CLIENT ALERT: Contract Claims Against the Government
May 2008

Last year, in Roxco, Ltd. v. United States, 77 Fed. Cl. 138 (2007), the U.S. Court of Federal Claims issued an instructive decision concerning the procedure by which a contractor pursues a claim against the Government. The dispute at issue in Roxco was whether a claim before the Court of Federal Claims (CFC) was properly appealable. However, the broader significance of this case is the useful primer it offers on the claims process.

The CFC began its outline of this procedure by discussing the legal basis of claims against the Government. Under the Tucker Act, judgment may be rendered upon any claim against the United States founded either upon the Constitution or any Act of Congress or any regulation of an executive department or upon any express or implied contract with the United States, or for liquidated or unliquidated damages in cases not sounding in tort. 28 USC Section 1491(a)(1). The Tucker Act, however, is only a jurisdictional statute and does not create any rights enforceable against the United States for money damages. Therefore, to come within the jurisdictional reach of the Tucker Act, a claimant must identify an independent contractual relationship, constitutional provision, federal statute and/or executive agency regulation that provides the claimant with a right to money damages.

Pursuant to the Tucker Act, claims must be filed within six years after the claim first accrues. 28 USC Section 2501. A claim accrues when all the events have occurred which fix the liability of the Government and entitle the claimant to institute an action. In general, this six year limitation period applies to contract claims both by and against the Government. FAR 33.206 (1995).

Under the doctrine of sovereign immunity, the Government is immune from suit except as it consents to be sued. Any waiver of sovereign immunity must be unequivocally expressed and may not be implied. The Contract Disputes Act (CDA) constitutes such a waiver.

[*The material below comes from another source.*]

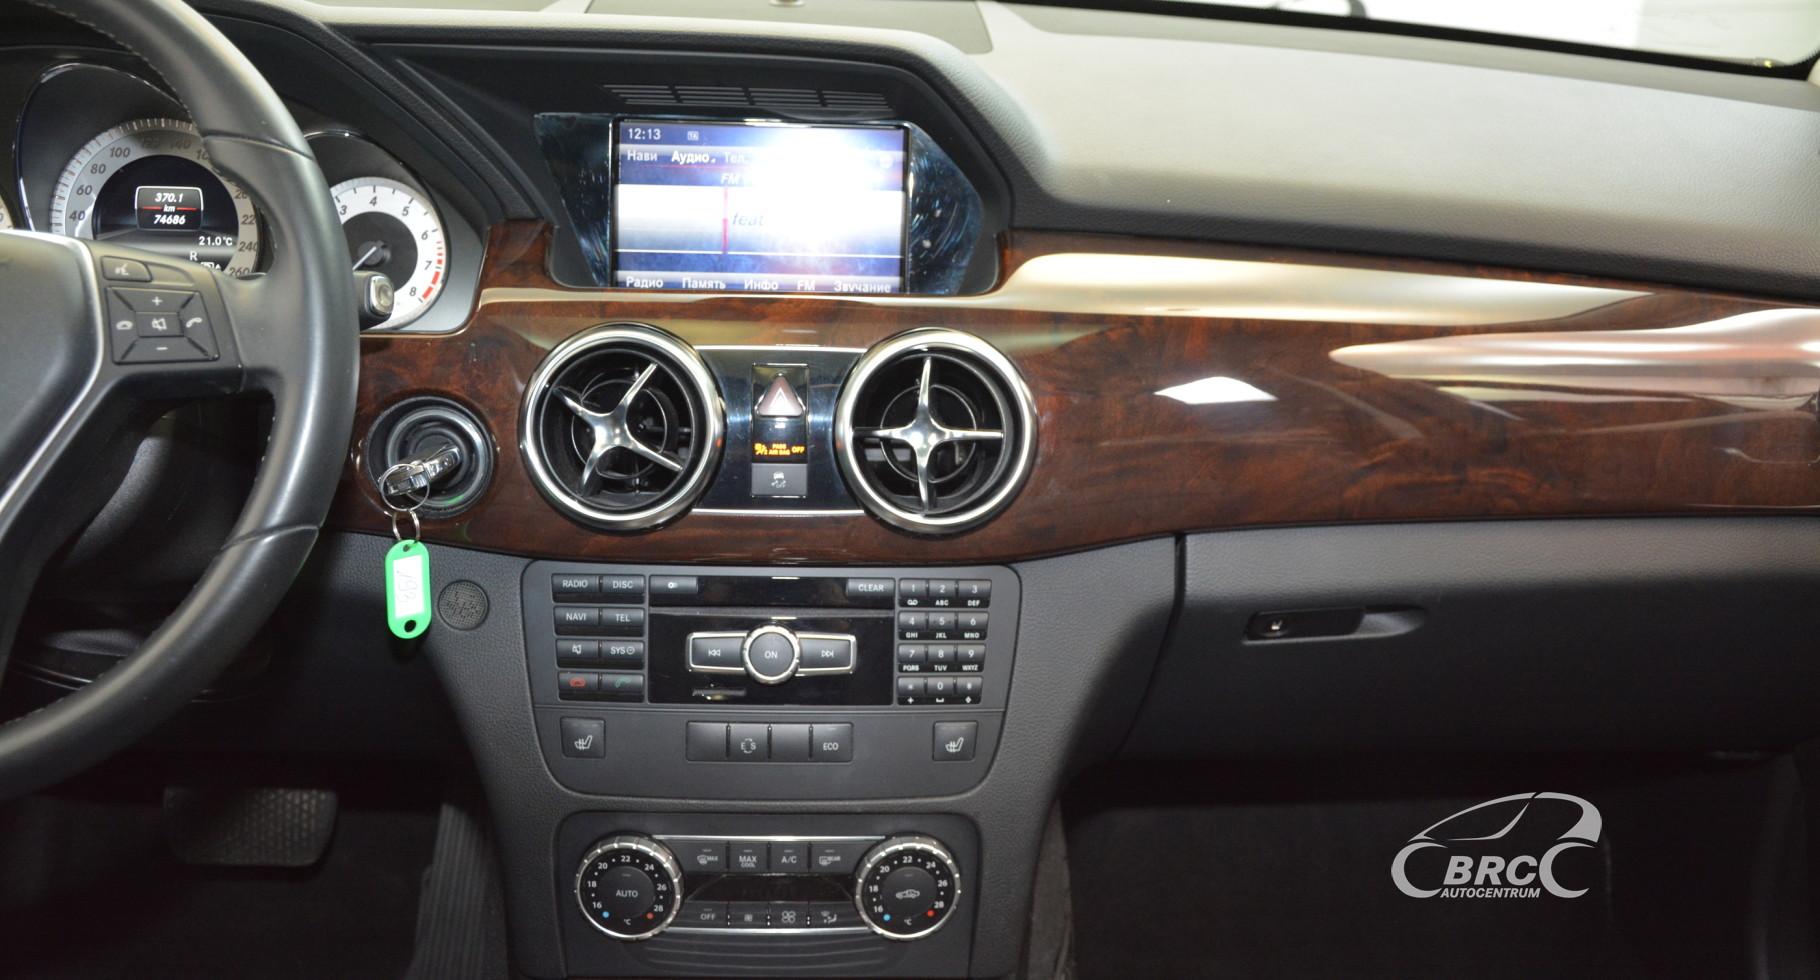 Mercedes-Benz GLK 350 Automatas

The CDA grants jurisdiction to the CFC and the agency boards of contract appeals over claims between contractors and the Government involving any express or implied contract for the procurement of property, other than real property in being. 41 USC Section 602(a)(1). The term “claim” is defined in the FAR as “a written demand or written assertion by one of the contracting parties seeking, as a matter of right, the payment of money in a sum certain.” FAR 2.101 (2006). A claim not requesting a sum certain must ask for another form of relief. The CDA mandates that all claims by a contractor against the Government shall be in writing and shall be submitted to the contracting officer for a decision. Section 605(a). A claim does not have to be submitted in any particular form or use any particular wording. All that is required is that the contractor submit in writing to the contracting officer a clear and unequivocal statement that gives the contracting officer adequate notice of the basis and amount of the claim.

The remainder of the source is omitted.